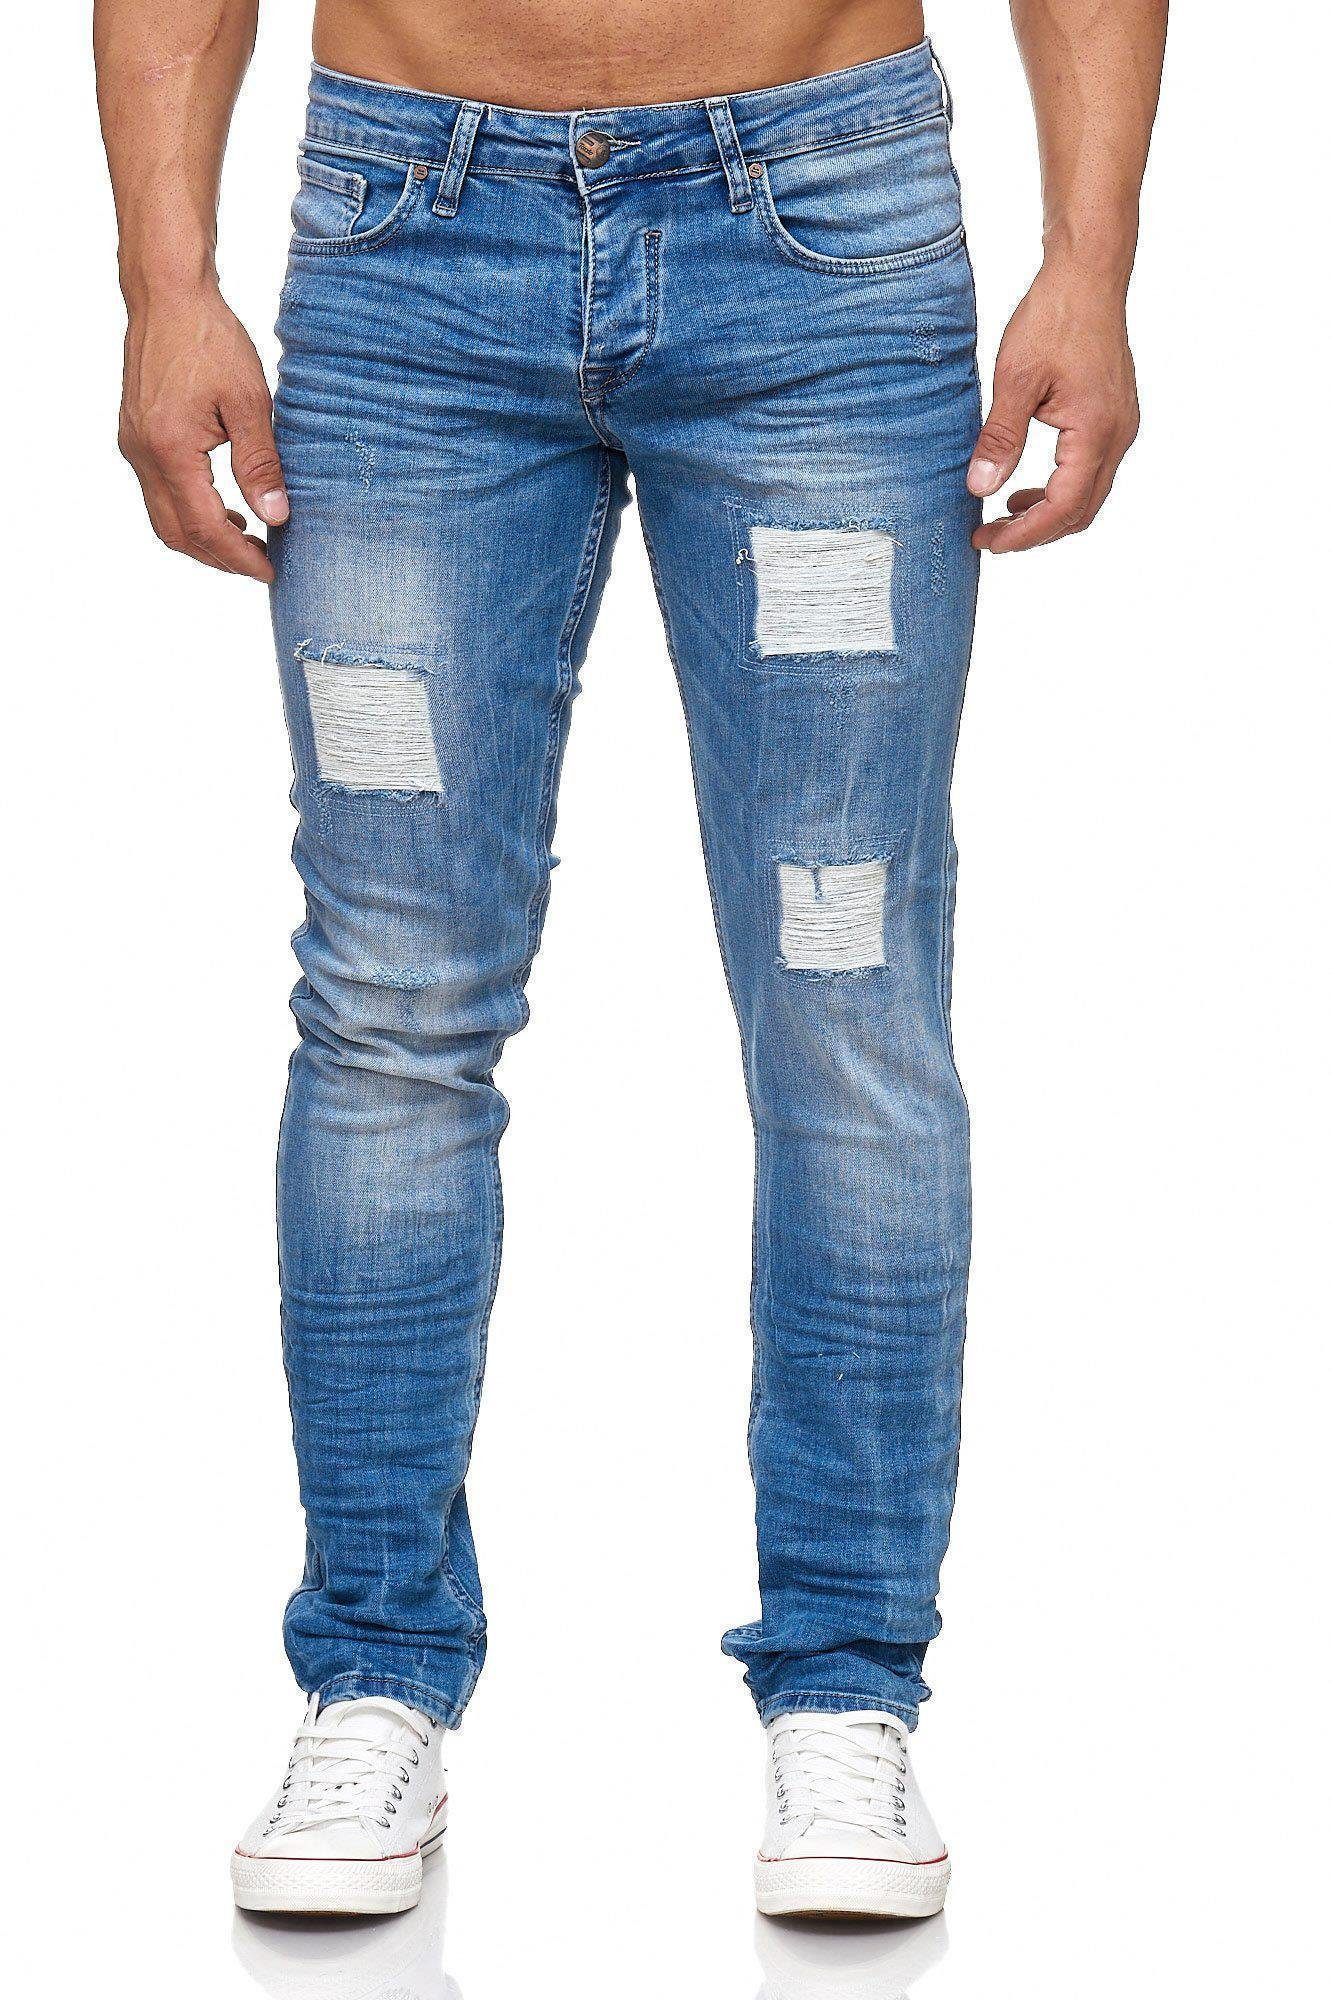 Tazzio Straight-Jeans 17505 blau Destroyed-Look im
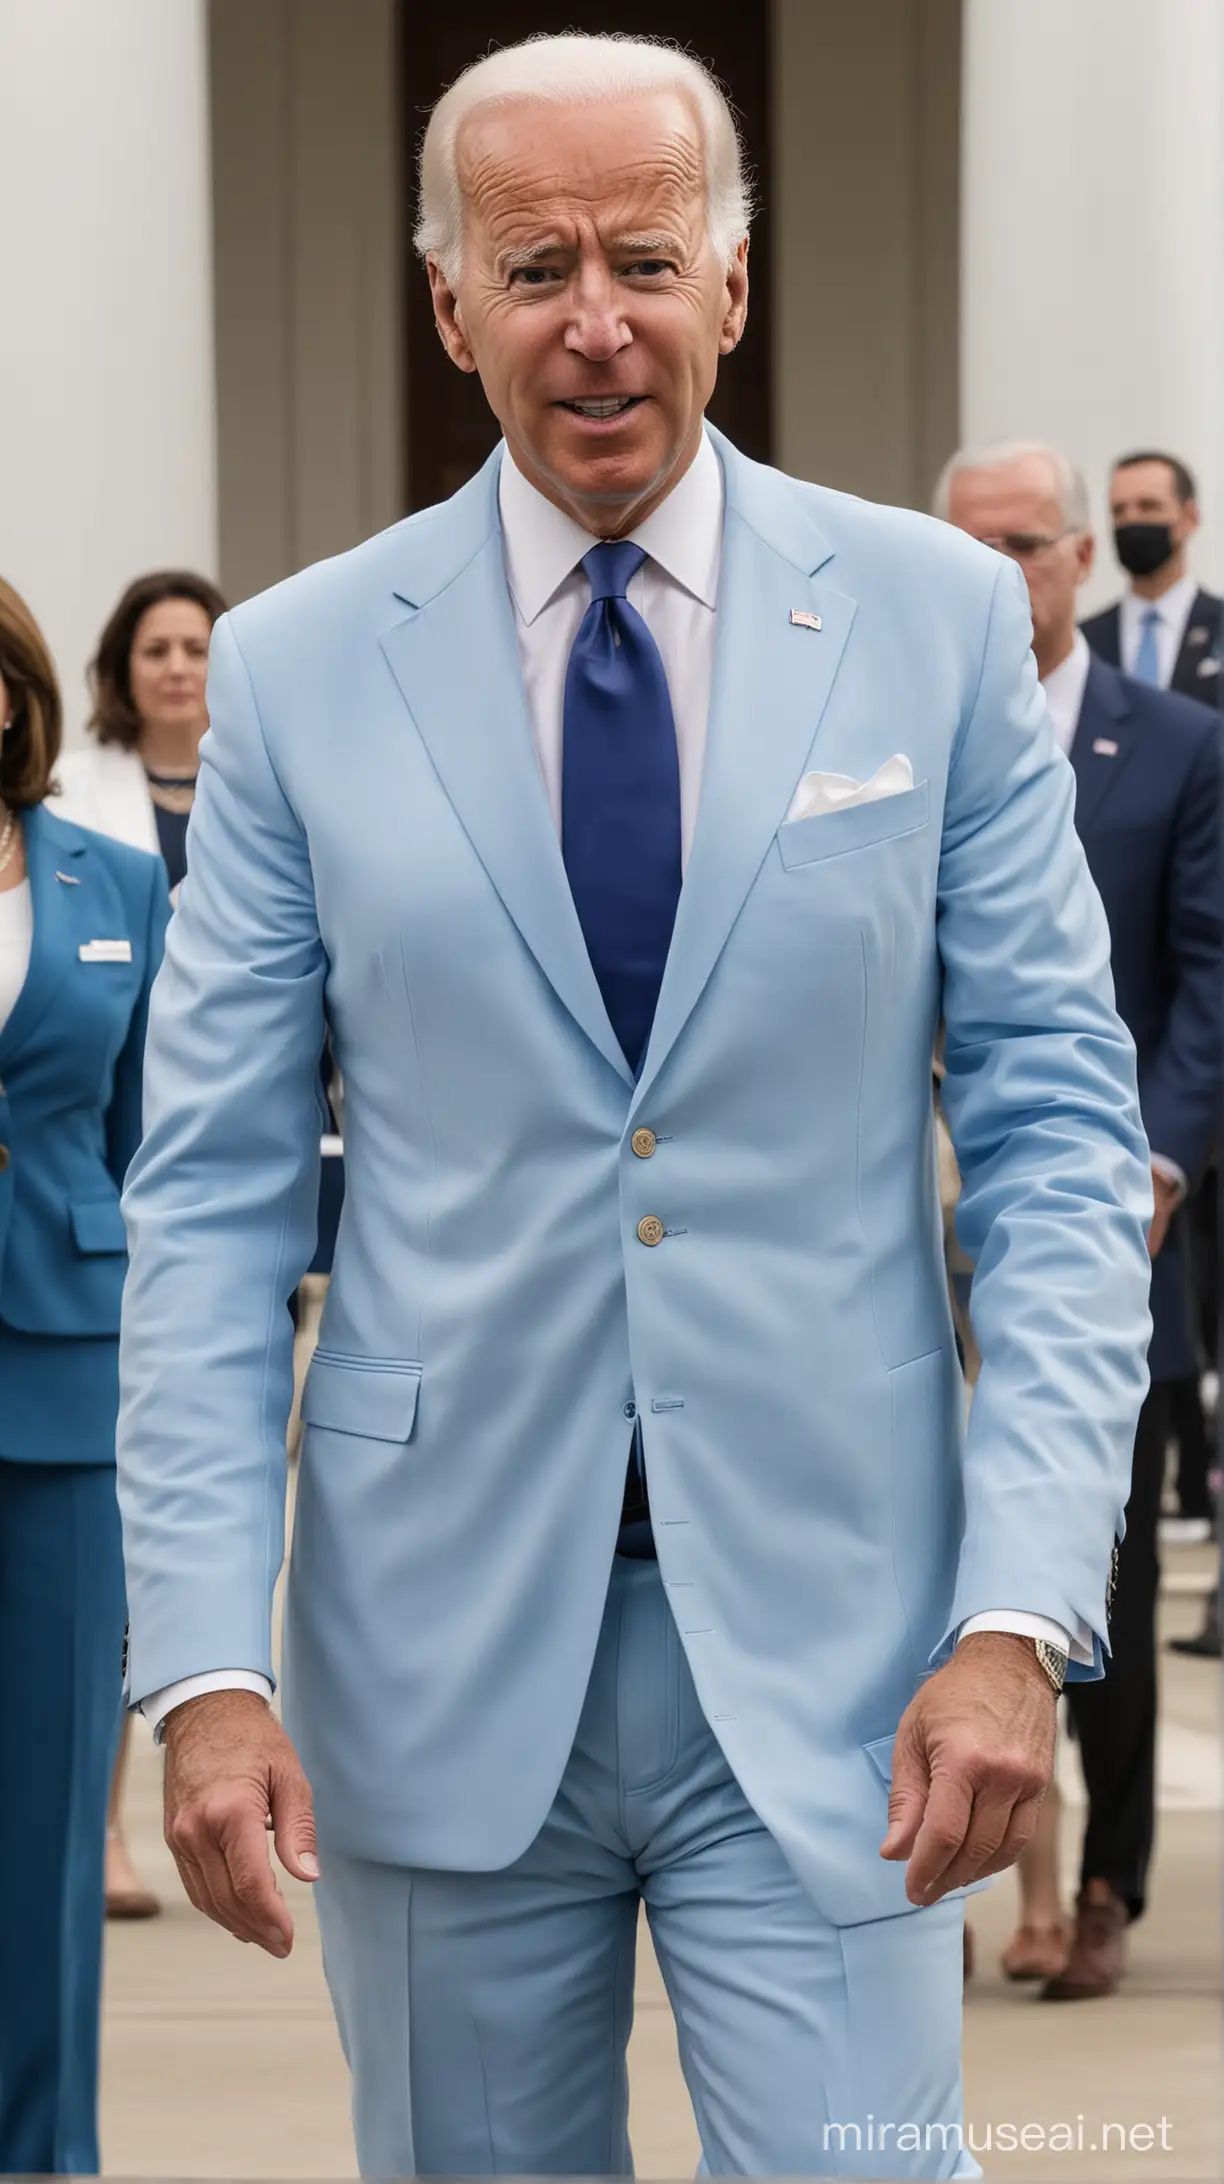 Joe Biden Standing in the Heart of America in Blue Suit
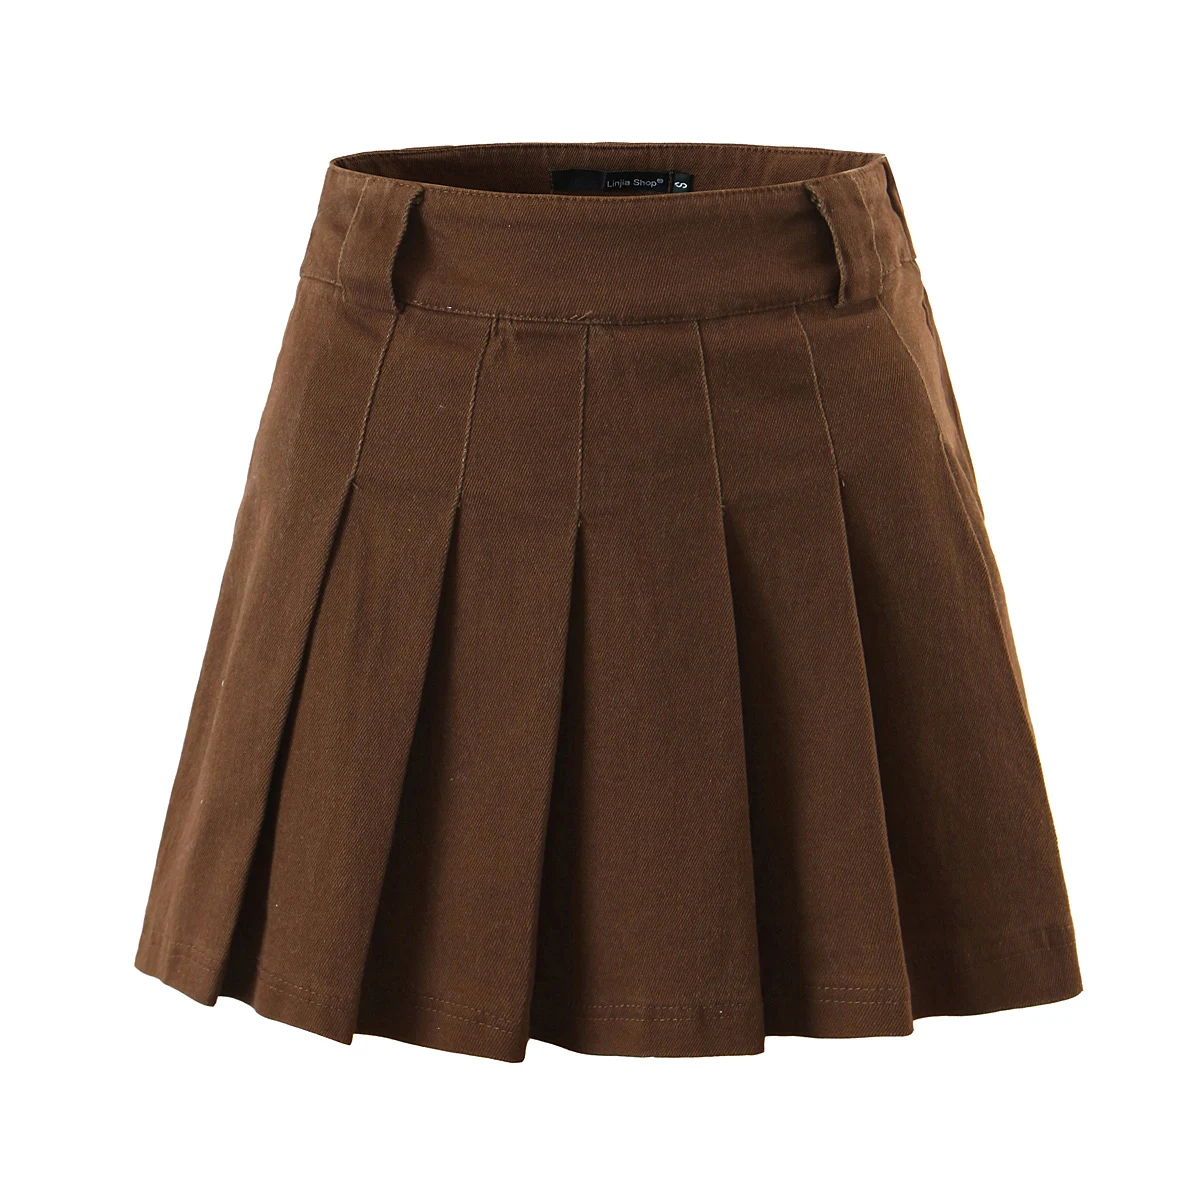 

Super mini skirt sexy korean style skirts womens 2022 Summer high waisted skirt for women vintage clothes harajuku skirt brown
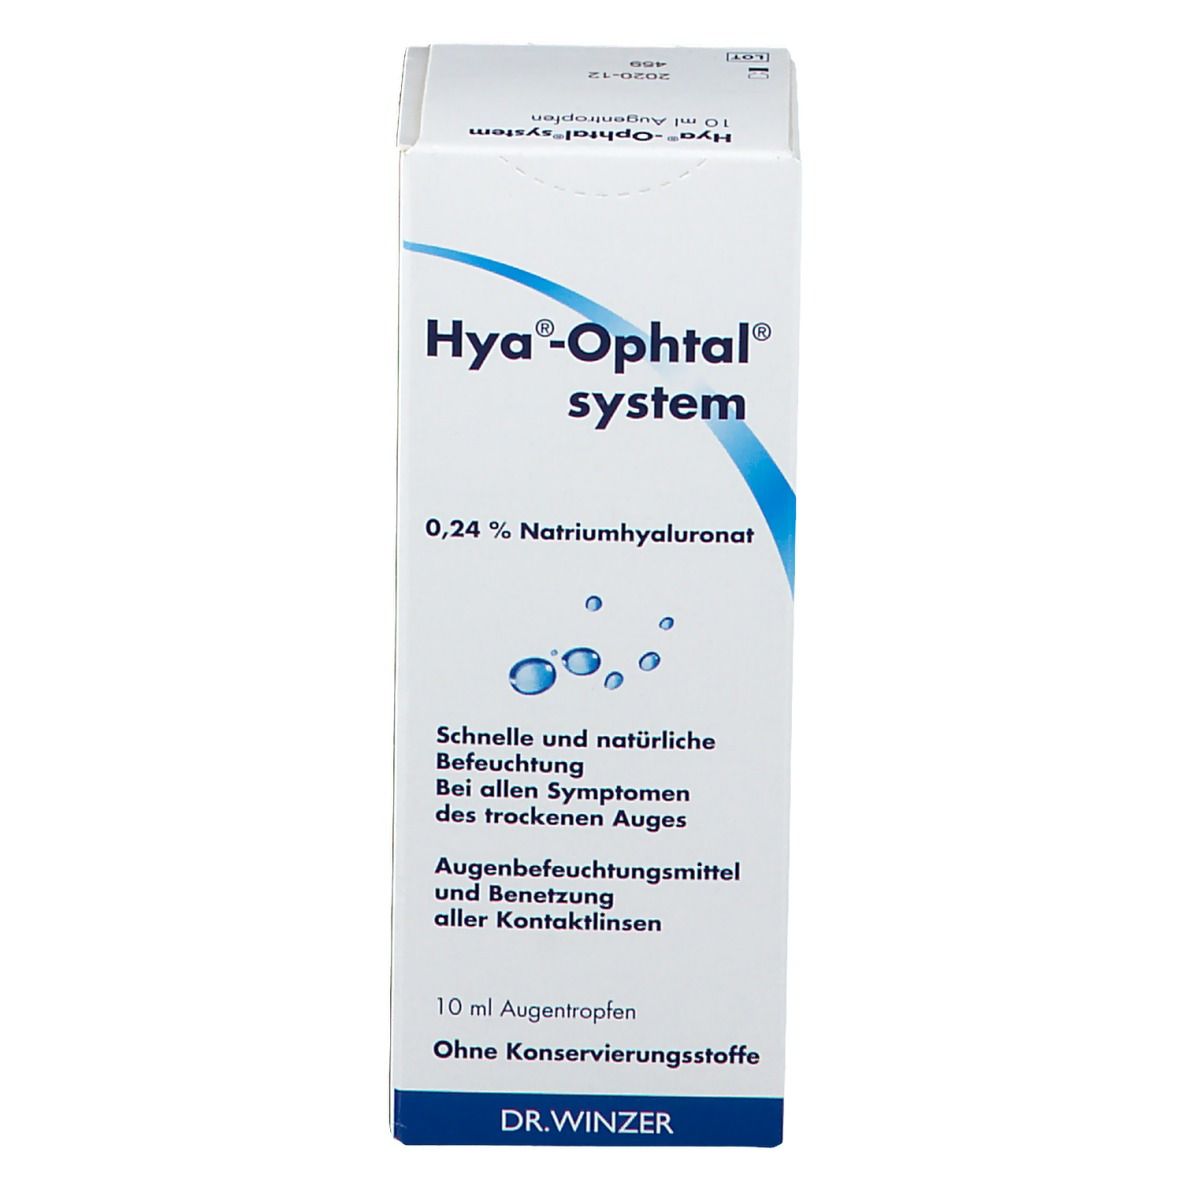 Hya®-Ophtal® system
____________
• _Instructions to follow_:
Please restate the whole listing exactly, without any of its pictures.

• _Solution to this task_:
 Tazzio Straight-Jeans 17505 blau Destroyed-Look im
 Joe Biden Standing in the Heart of America in Blue Suit

Super mini skirt sexy korean style skirts womens 2022 Summer high waisted skirt for women vintage clothes harajuku skirt brown
 Hya®-Ophtal® system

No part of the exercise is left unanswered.